街のいたるところには公園が設けられ、背の高い街路樹が通りに涼やかな陰を投げかけています。一際目立つのがこちら、紫の花を結ぶJacaranda(ハカランダ)。
夏の訪れを彩るこの花。その梢の下には何とも言えない芳香が漂って、心地よい演出を加えてくれます。
人口300万、南米を代表する近代都市ブエノスアイレスは、夏空の下、活気に溢れていました。
近代的なビル群の谷間には洒落たデパ−トやカフェが並び、路上の花売りやアコ−ディオン弾きも異国の旅情を演出してくれます。ショッピングモ−ルはクリスマス商戦たけなわ。アイスクリ−ム片手に歩いていると、あれこれと声をかけられ、チラシを手渡されます。
『なんか楽しい!』 特に晩秋のドイツから出かけた今回の僕らには、この青空が、この垢抜けた空気と賑わいが、眩しいばかり!
タクシ−で20分ほど離れた所にある、レコレ−タ墓地。日本ではお盆や命日を除いて墓地にでかける習慣はありませんが、海外では墓地が公園の役割も兼ね、散歩する人をよく目にします。
この墓地はアルゼンチン社会の特権階級、成功者のみが眠ることを許された場所。精緻に造られた霊廟のひとつひとつが、この地で得た富と権威、そして抗うことできないヨ−ロッパへの郷愁を表現しているように思われます。
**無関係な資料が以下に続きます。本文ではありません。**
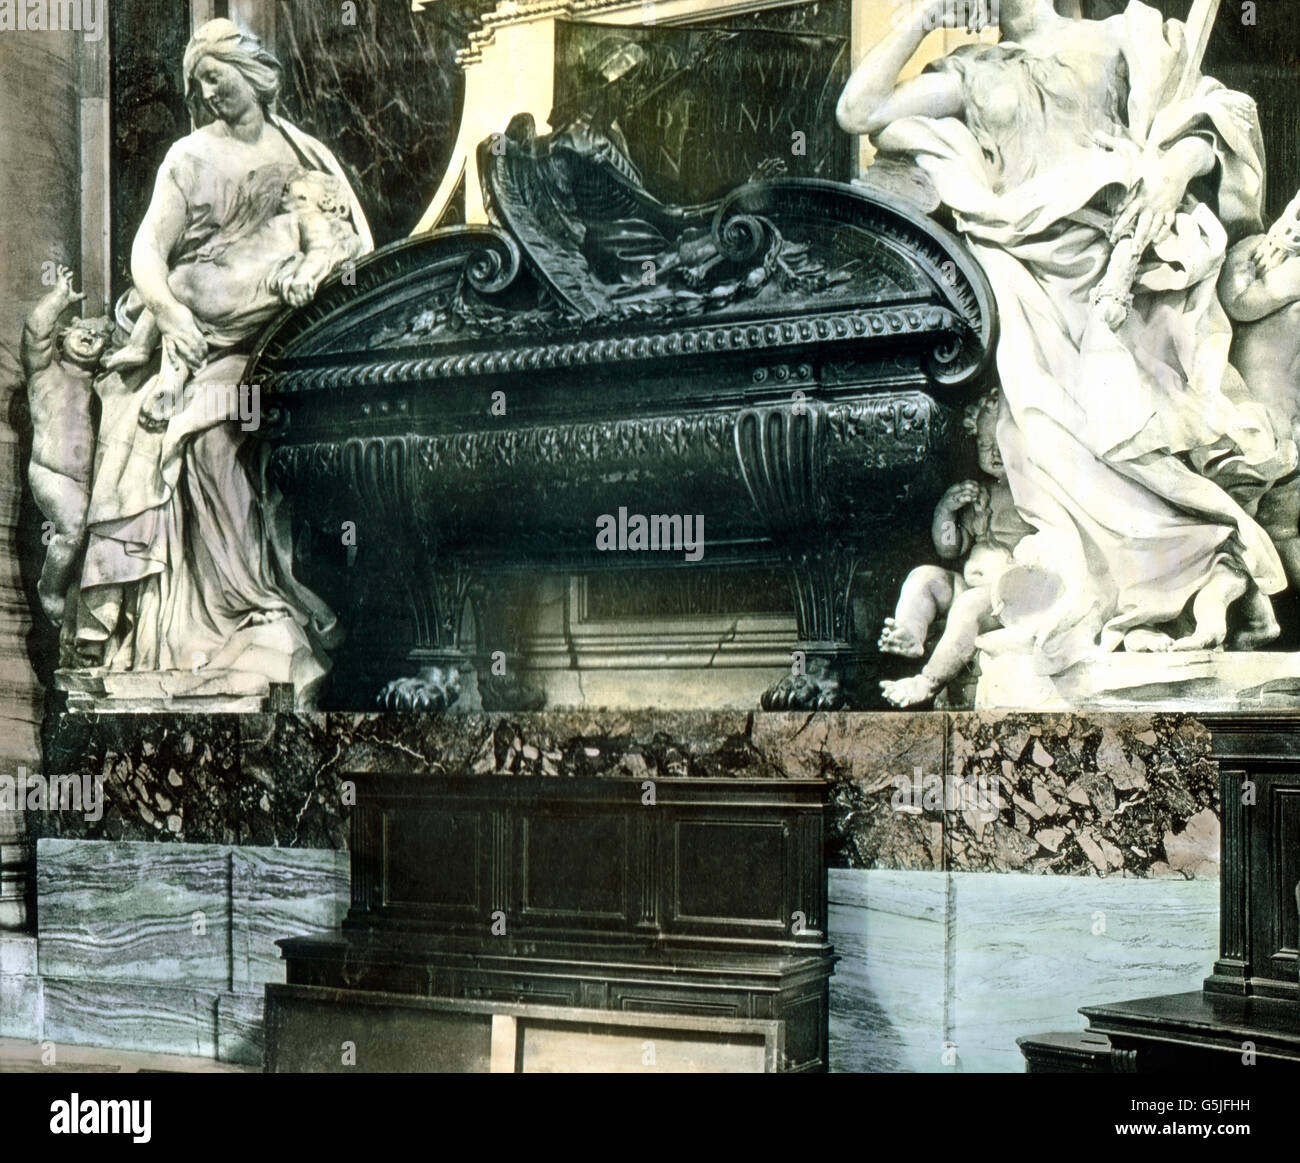 Das Grabmal von Papst Urbano VIII. im Petersdom in Rom, Italien 1920er Jahre. Tomba di Papa Urbano VIII presso la cattedrale di San Pietro in Roma, Italia 1920s. Foto Stock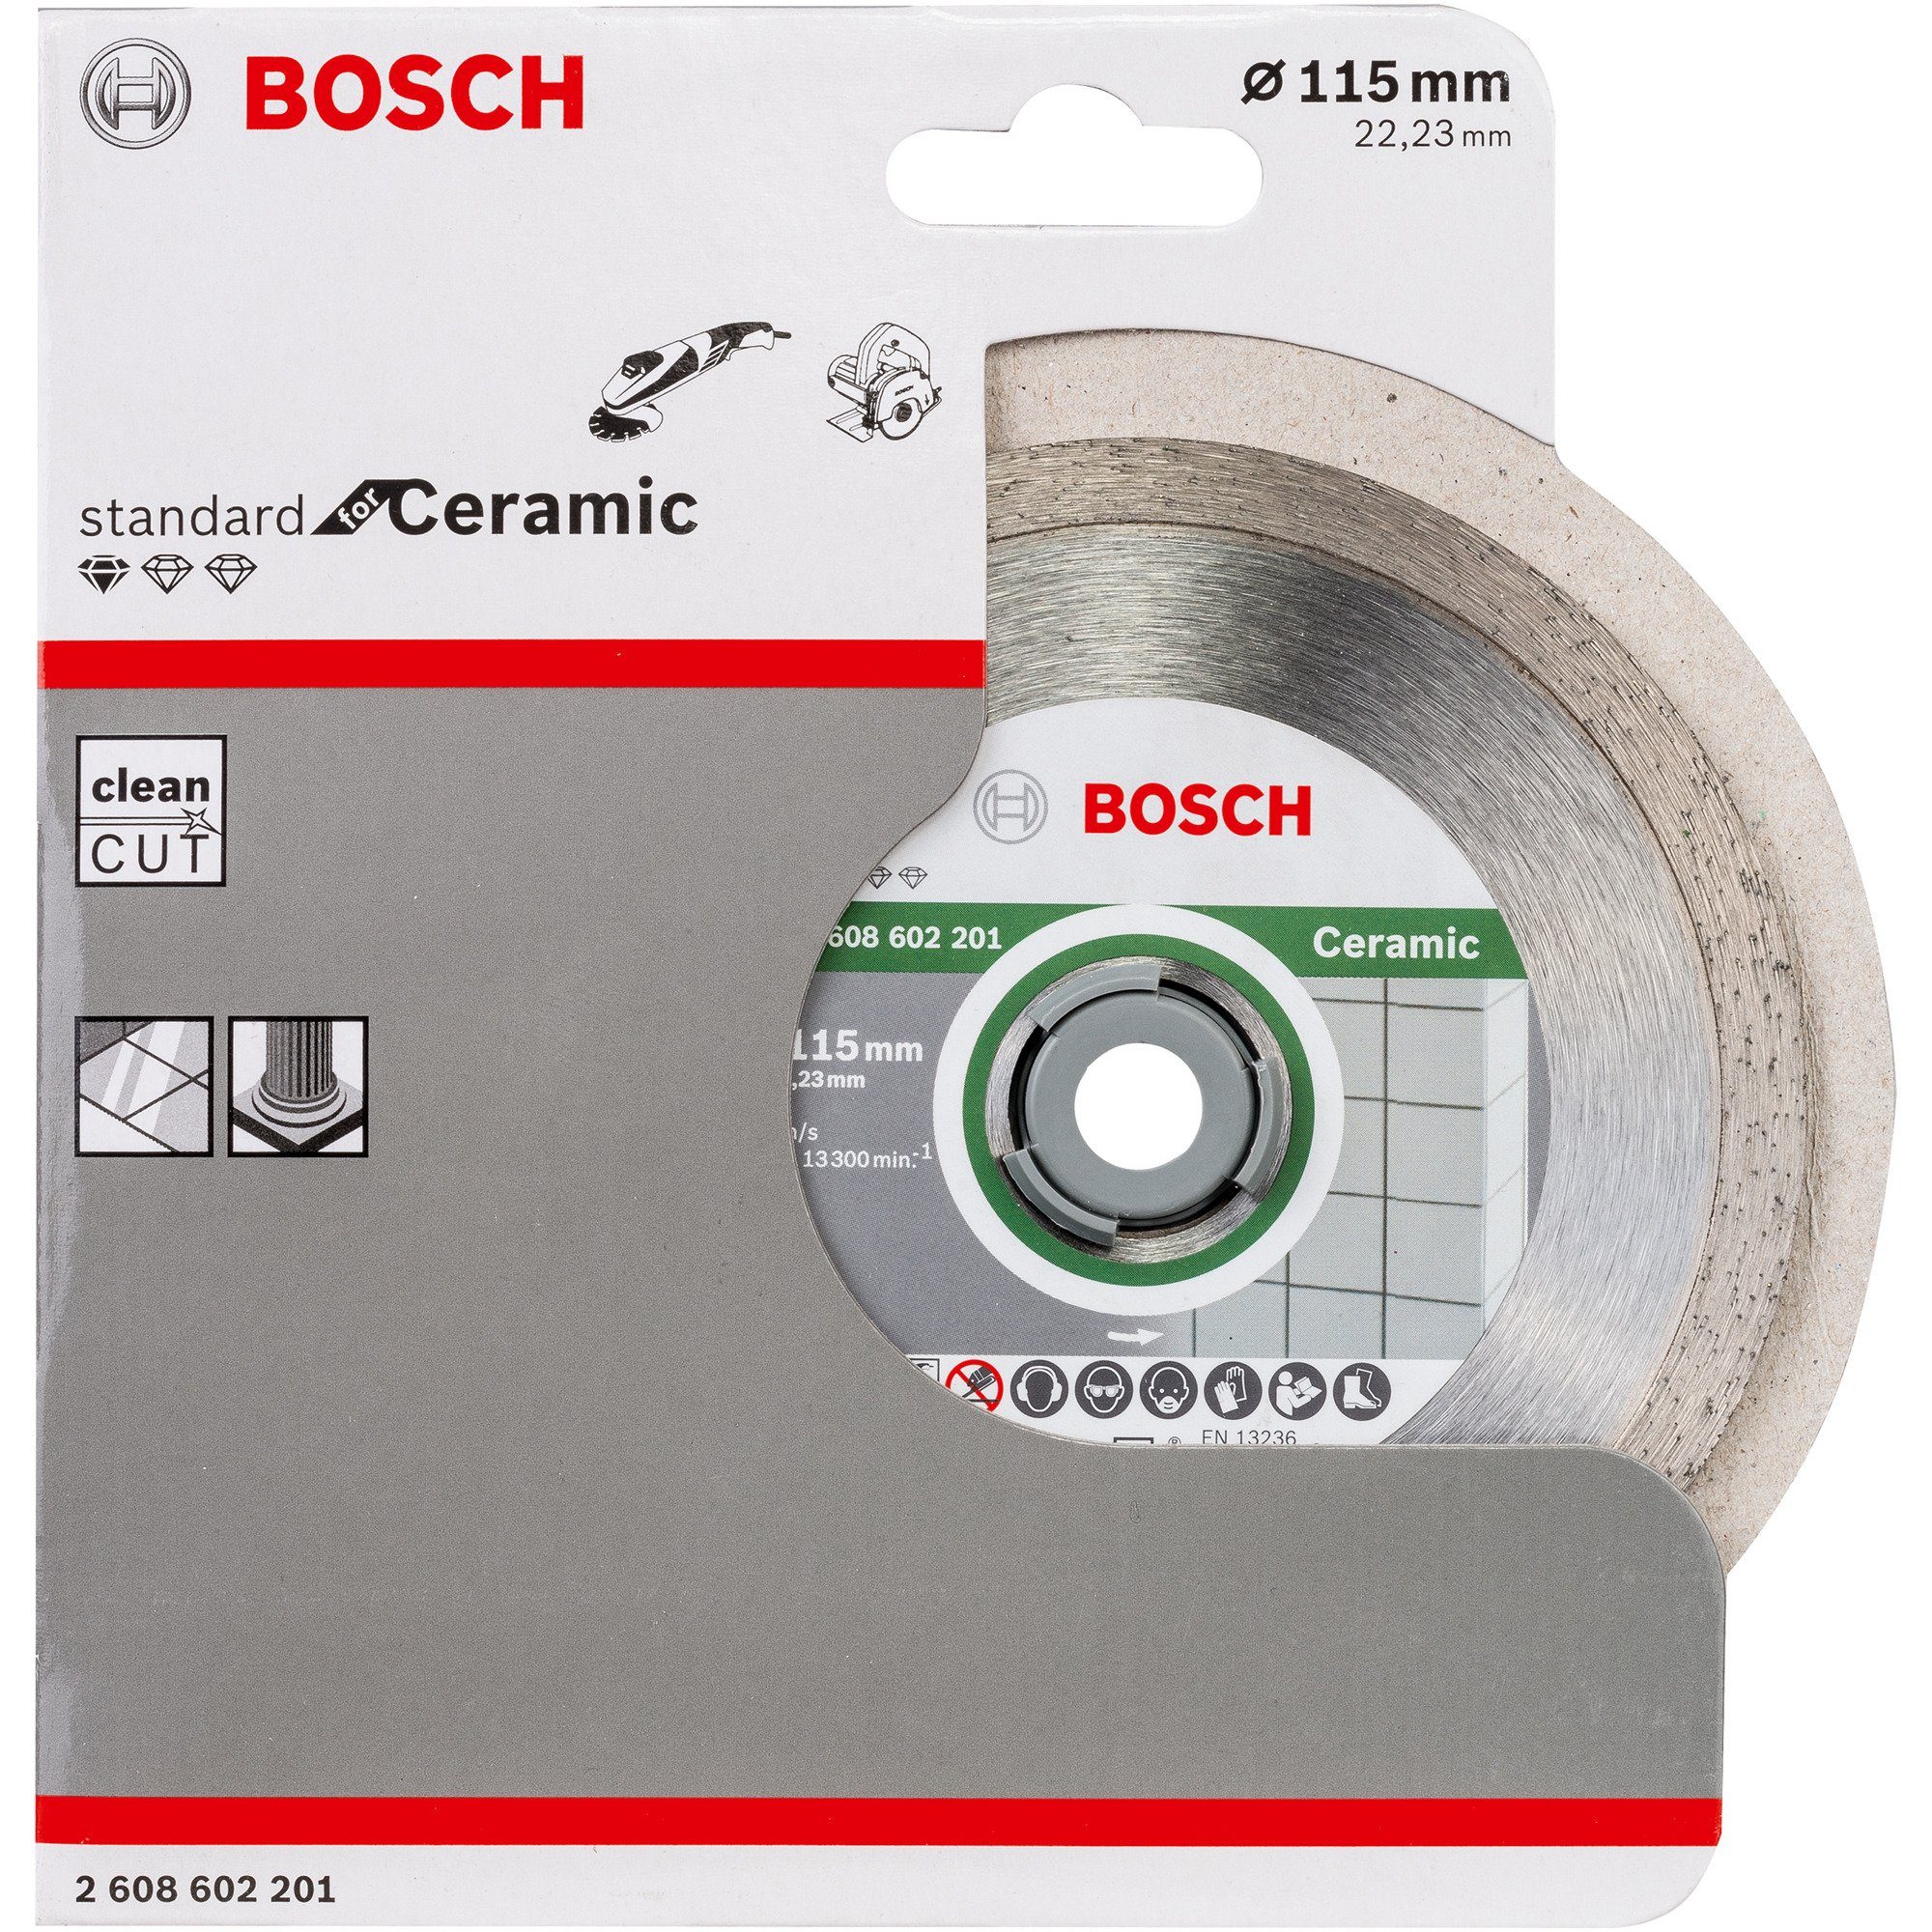 Standard BOSCH Bosch Trennscheibe Diamanttrennscheibe Professional

ちょっとした広場に何となく立っている巨大な木を見つけました。どうみても100年や200年の若木とは思えないのですが、脇に神社が併設されているわけでも、立て札に詳しい説明があるわけでもありません。周りには柵もなく、通りかかる人達は根を椅子がわりに休んでいきます。いい風景です。